Internet companies face a fierce battle for your attention. We are an easily distracted bunch. However, the larger internet companies and sites, such as Facebook, Google, Yahoo and CNN, are becoming exceedlingly good at giving us what we want. They collect a staggering amount of information about what websites we have looked at and the links we have clicked. They use this information to present you with stories that will interest you and keep you clicking. If you did a Google search for Egypt during the Arab Spring you would have received very different results depending on what you usually looked at on the internet. News junkies received links to stories about the uprising. The newsphobic were presented with links for holidays in Egypt. The ability of these companies to monitor what you like and present you with similar options creates, what Eli Pariser of MoveOn.org calls, a filter bubble. A feedback loop based on your past preferences.
This creates unusal distortions in how people interact on the internet. If you click only on the links of your left-wing friends on your Facebook feed you will gradually only see links that they post. Facebook will make sure that other viewpoints will disappear. It also means thoughtless clicking can influence what you are exposed to. People are more likely to click on a story about a celebrity, sports event or something quite random (does anyone remember the woman who put the cat into a bin?) than want to read about massacres in Homs or policy debates about combating homelessness. People did, and still do, read a national newspaper with the political leaning of their choice for their daily fix of news. But there is a difference. All newspapers, broadsheets and tabloids alike, are curated. A decision is made at some level about what stories are important even if they are not what people want to read. The filter bubble doesn’t make these decisions – it’s blind and a moral vacuum.

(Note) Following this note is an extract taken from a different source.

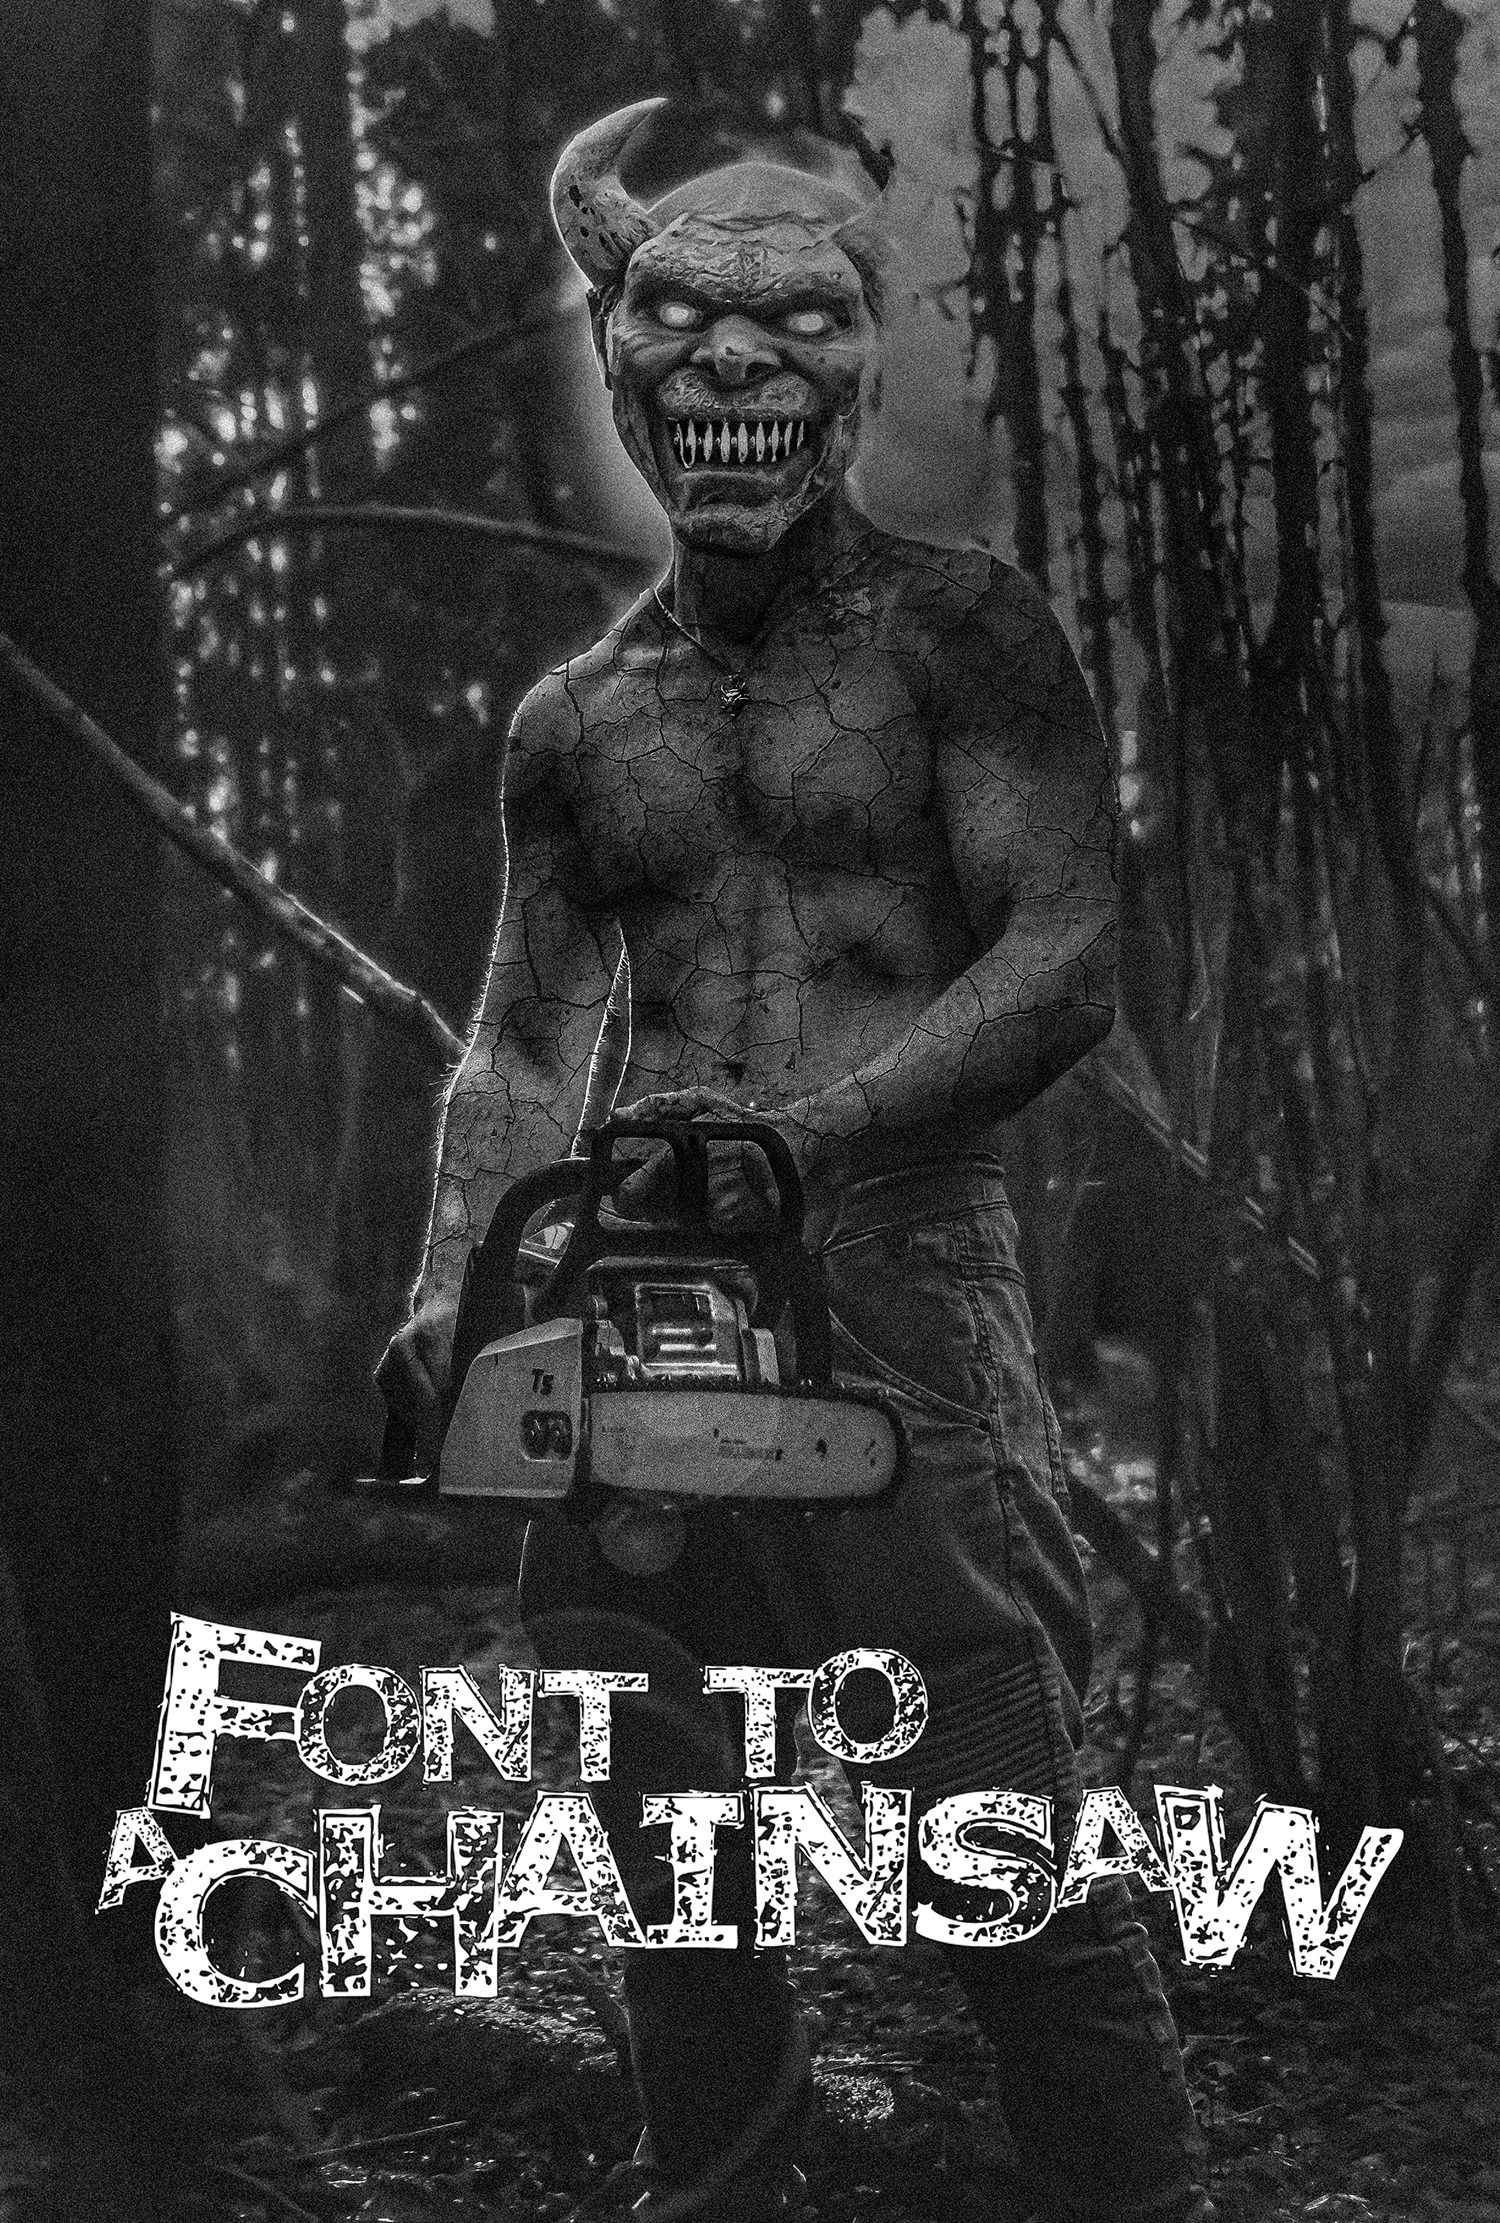 Font to a Chainsaw, an extra bold, black, highly eroded and destroyed font.

If this trend continues it poses obvious problems for Labour’s engagement with the general public. There is the potential that it will lead to political activists having an increasingly narrow worldview. It is a tendency that may have always existed but now the tools are in place to amplify it. Social media such as Twitter exascerbate this by recommending people similar to you to follow. At the same time the trend indicates that the general public will become increasing disengaged from the broad sweep of public debate and may become increasingly issues based in their outlook.
While many voters are not yet using the internet as their primary means of getting news but it is a growing trend. Despite the strong presence of newspapers and the BBC in our news culture the internet is continuing to grow strongly as our primary place to go for news. As a party we need to avoid allowing invisible walls to surround us. These developments will mean, over the long term the party will need to, as ever, redefine how it packages its messages so that people will listen to them. This may mean more targeted messaging such as the systems that are being developed by the Democrats in the United States for the 2012 Presendential election.
Nevertheless, the simplest way for cutting through will be to speak to voters directly. While the filter bubble grows old fashioned door step canvassing may be a trump card for Labour. While it will no doubt remain very difficult to changes someone’s opinion on the doorstep it is at least a form of direct communication the electronic media is unable to match.